■ **YOUR ASSIGNMENT**: Each line of the data must be written out again verbatim; no image belongs in the copy.
-- DATASET SECTION follows --
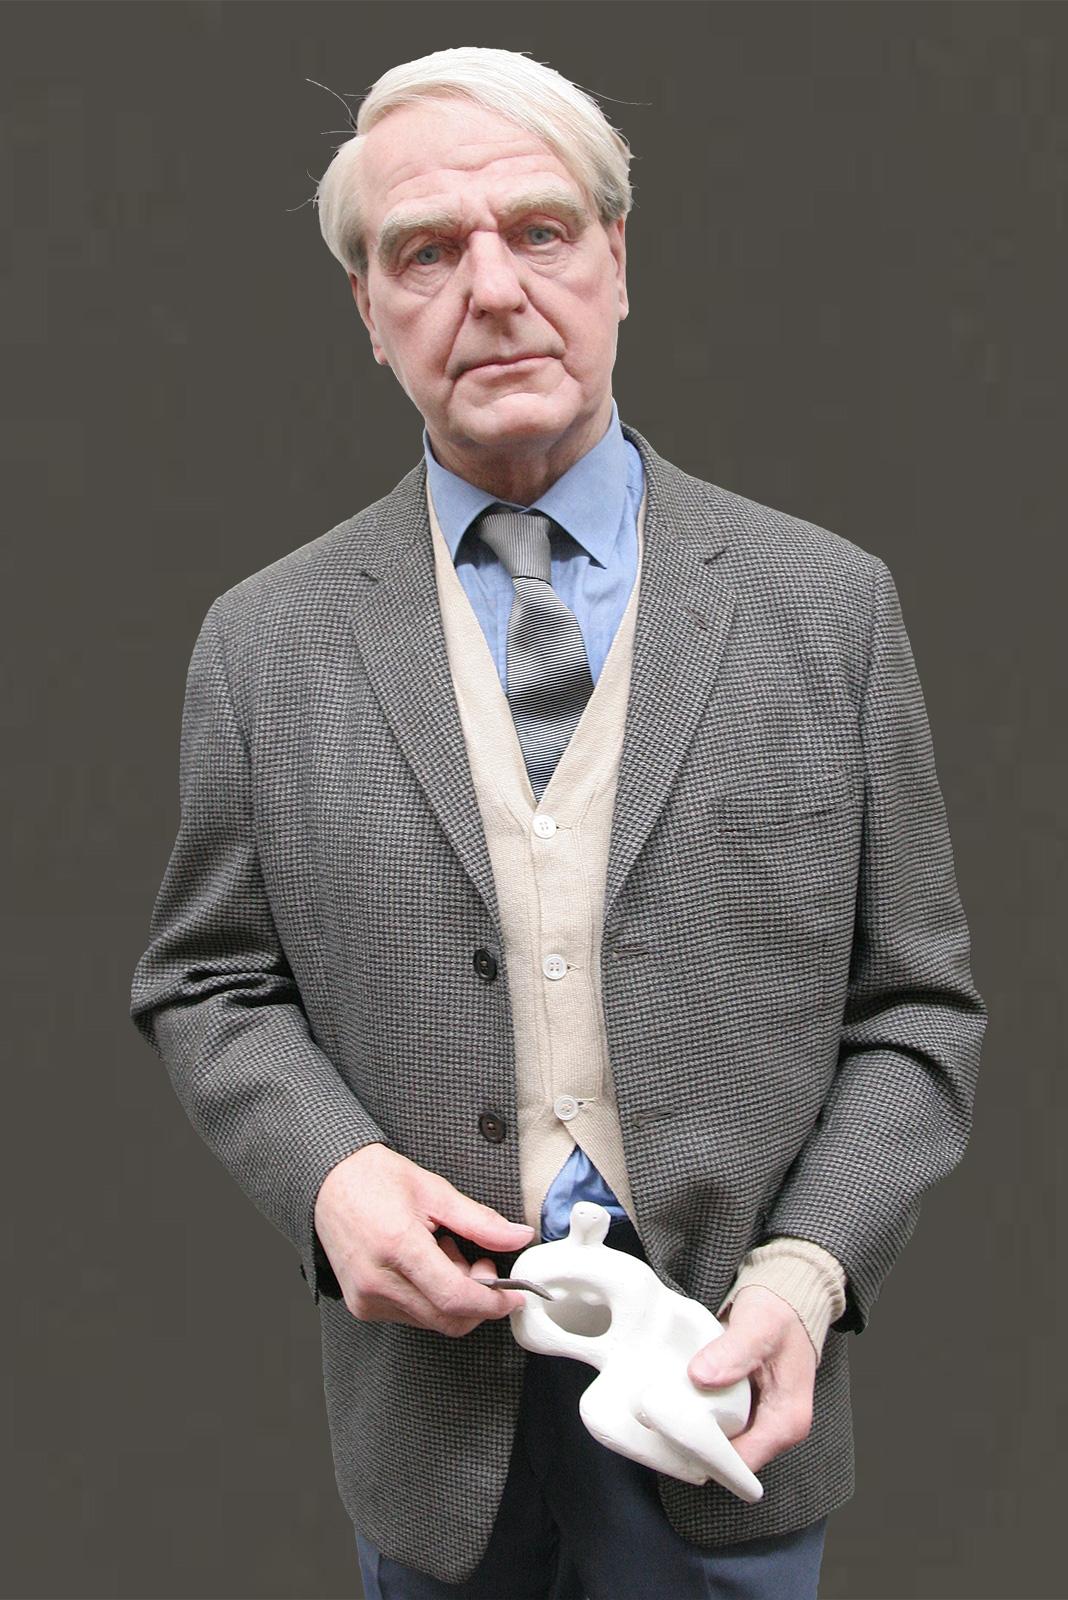 Sculpture of Henry Moore by Karen Newman
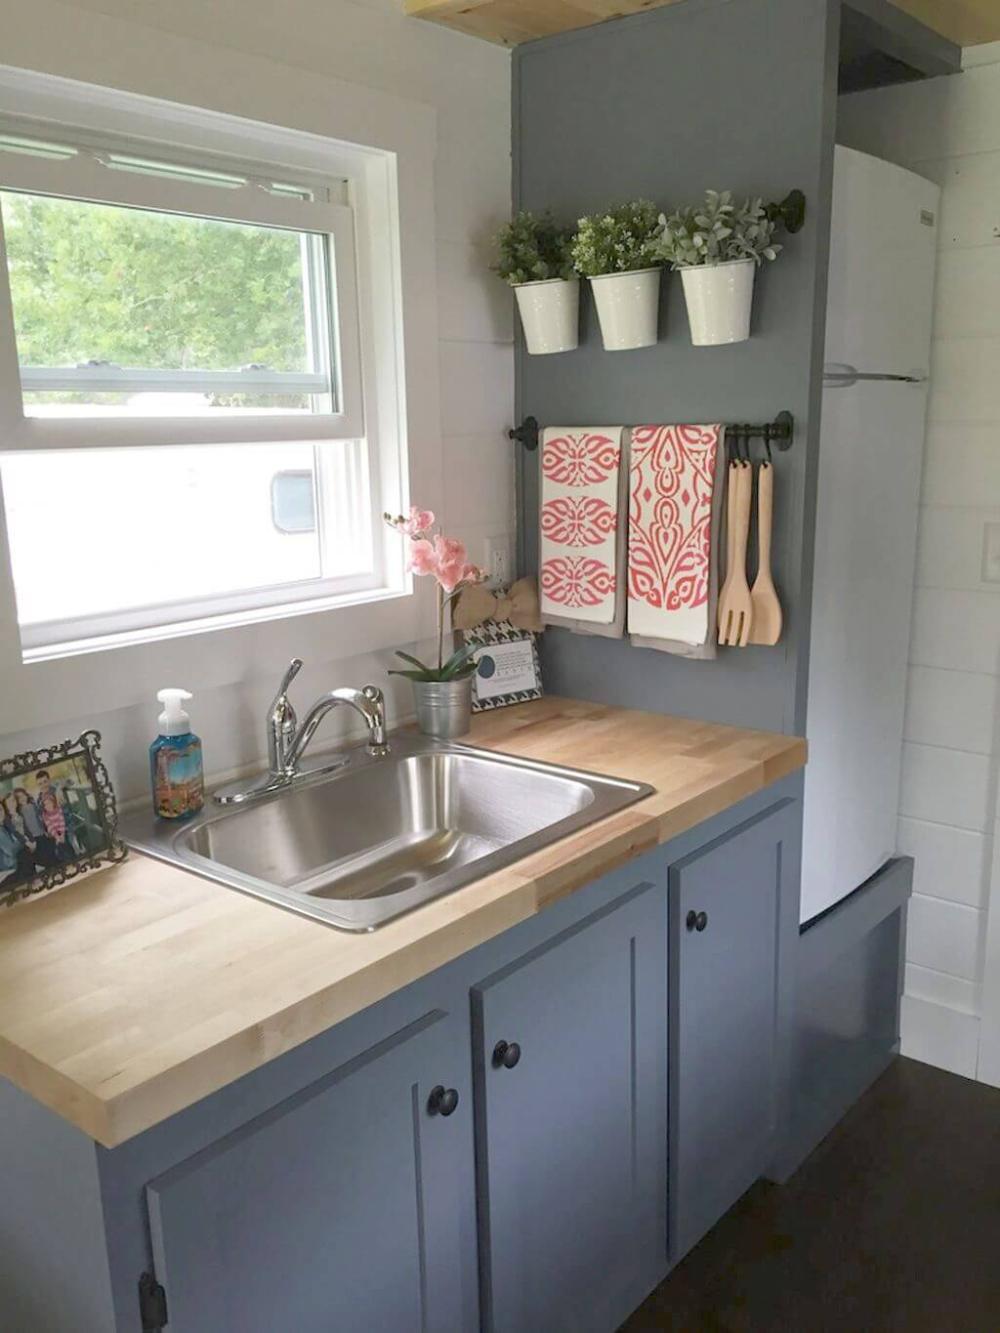 Small Kitchen Decorating Ideas Kitchen Remodel Small Small Kitchen Decor Kitchen Design Small
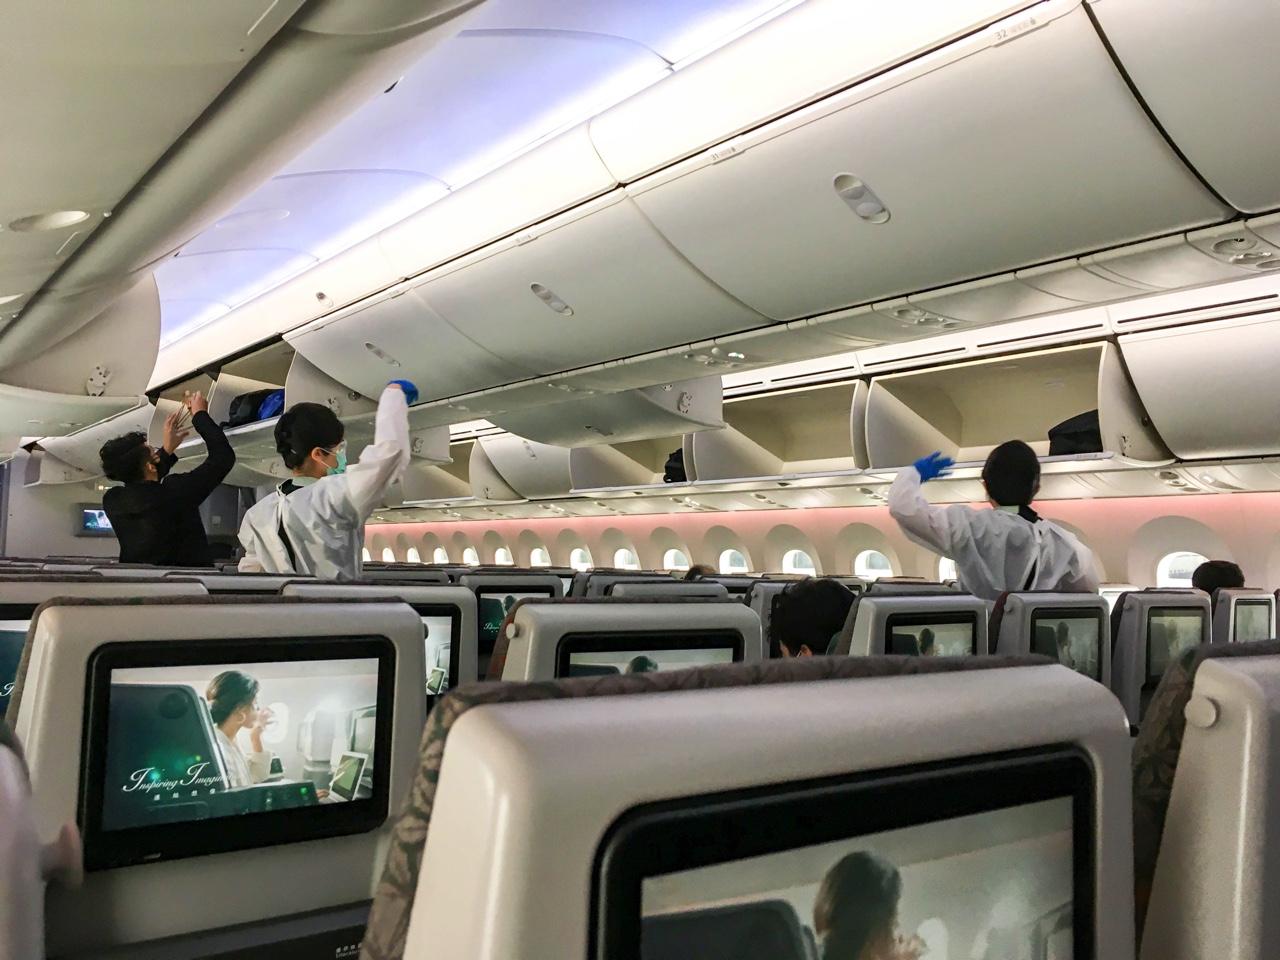 EVA Airの飛行機内
-- DATASET SECTION concluded --
■ **OUTPUT FOR THIS TASK**:
 Sculpture of Henry Moore by Karen Newman
 Small Kitchen Decorating Ideas Kitchen Remodel Small Small Kitchen Decor Kitchen Design Small
 EVA Airの飛行機内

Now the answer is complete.